Offense This Year: This section of Indianapolis' preview should basically write itself. I guess that's what happens when you group together Peyton Manning, Reggie Wayne, Marvin Harrison, Dallas Clark, and an offensive line returning all five starters that surrendered 15 sacks and allowed the team's leading rusher to gain 4.8 yards per carry. There's no need to type anything up; you can just watch them score a plethora of points every week. The Colts averaged 26.7 points per game, falling just a bit short of last year's mark of 27.4.

I did, however, express some concern in my 2006 season preview about Indianapolis' ability to match its 2005 output. The reason was the departure of Pro Bowler Edgerrin James, who took the money and ran to Arizona. The Colts consequently selected Joseph Addai in the first round of last April's draft, although I wasn't sure if the move would immediately work out because of Addai's inexperience. Guess I was way off. As I previously mentioned, Addai was able to rumble for 4.8 yards per clip. Even more impressive was his performance in the playoffs. Addai caught 10 passes for 66 yards in the Super Bowl; and pummeled Kansas City's defensive front for 122 yards and a score on 25 carries. Addai's gradual improvement over the course of the year allowed the Colts to let backup runner Dominic Rhodes go. That's won't hurt unless Addai gets hurt; DeDe Dorsey and Kenton Keith are currently listed as his backups.

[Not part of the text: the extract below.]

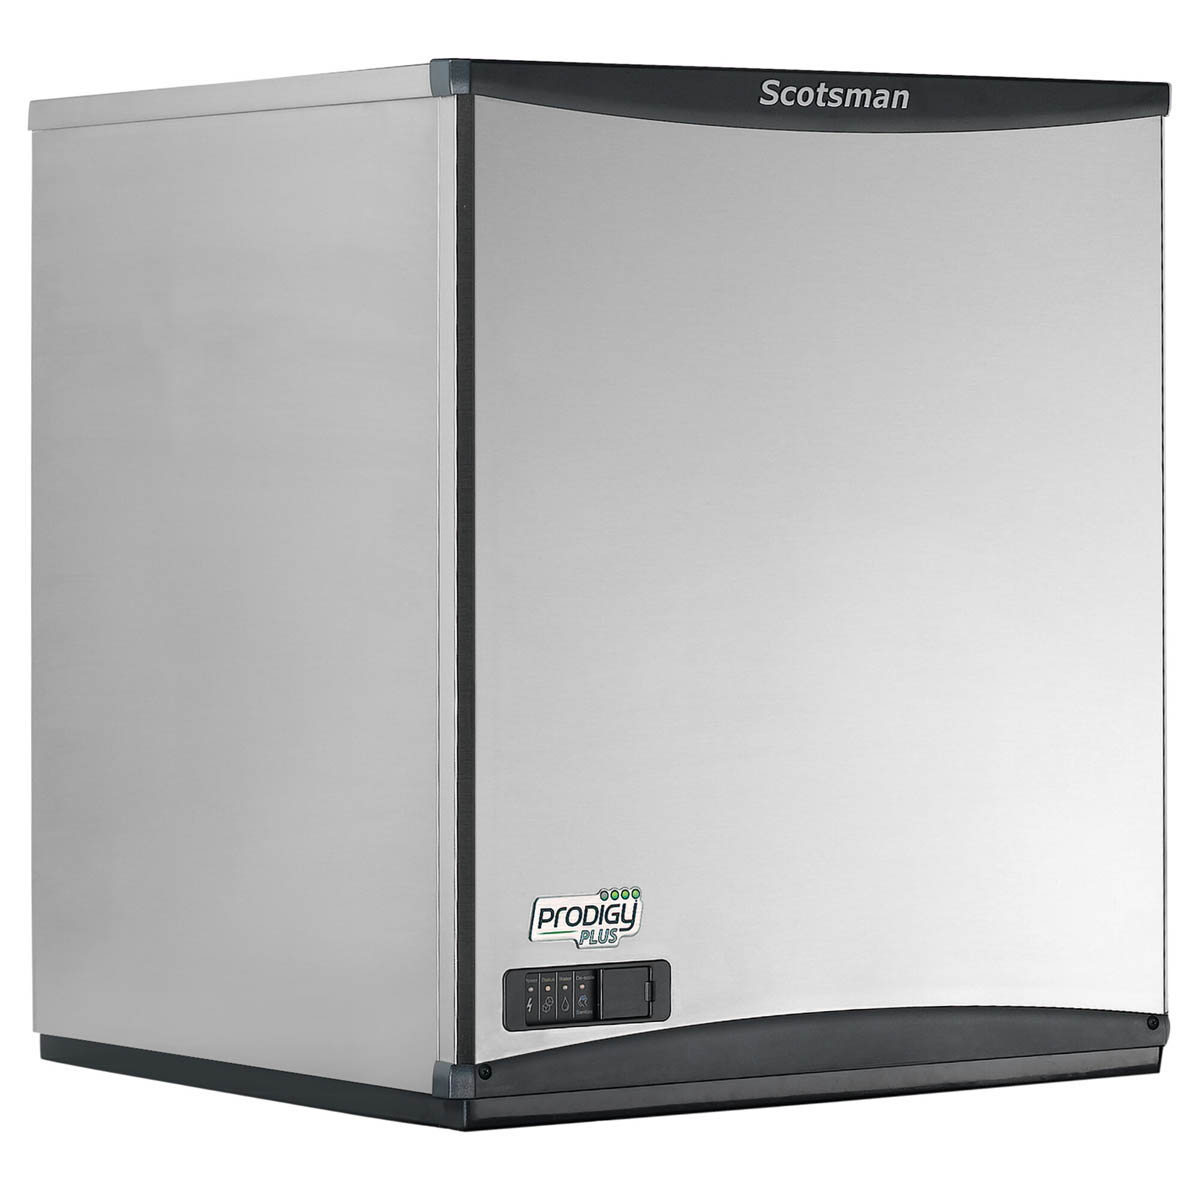 Scotsman NS0922R-32 Prodigy Plus Nugget Chewable Ice Machine, Chef's Deal

There are a few other issues regarding Indianapolis' scoring unit. I already mentioned the lack of depth at running back. Another one is age. Harrison (95 catches, 1,366 yards, 12 TDs) will celebrate his 35th birthday on Aug. 25. He probably has a few more exceptional seasons left in the tank, but you never know. Another concern is focus. Now that Manning has finally won a Super Bowl - proving me wrong in the process - he's appearing on shows like Saturday Night Live and the Rosie O'Donnell Dorito Fun Hour. Is his head completely in the game? Remember, Tom Brady missed the playoffs the year after he won his first ring.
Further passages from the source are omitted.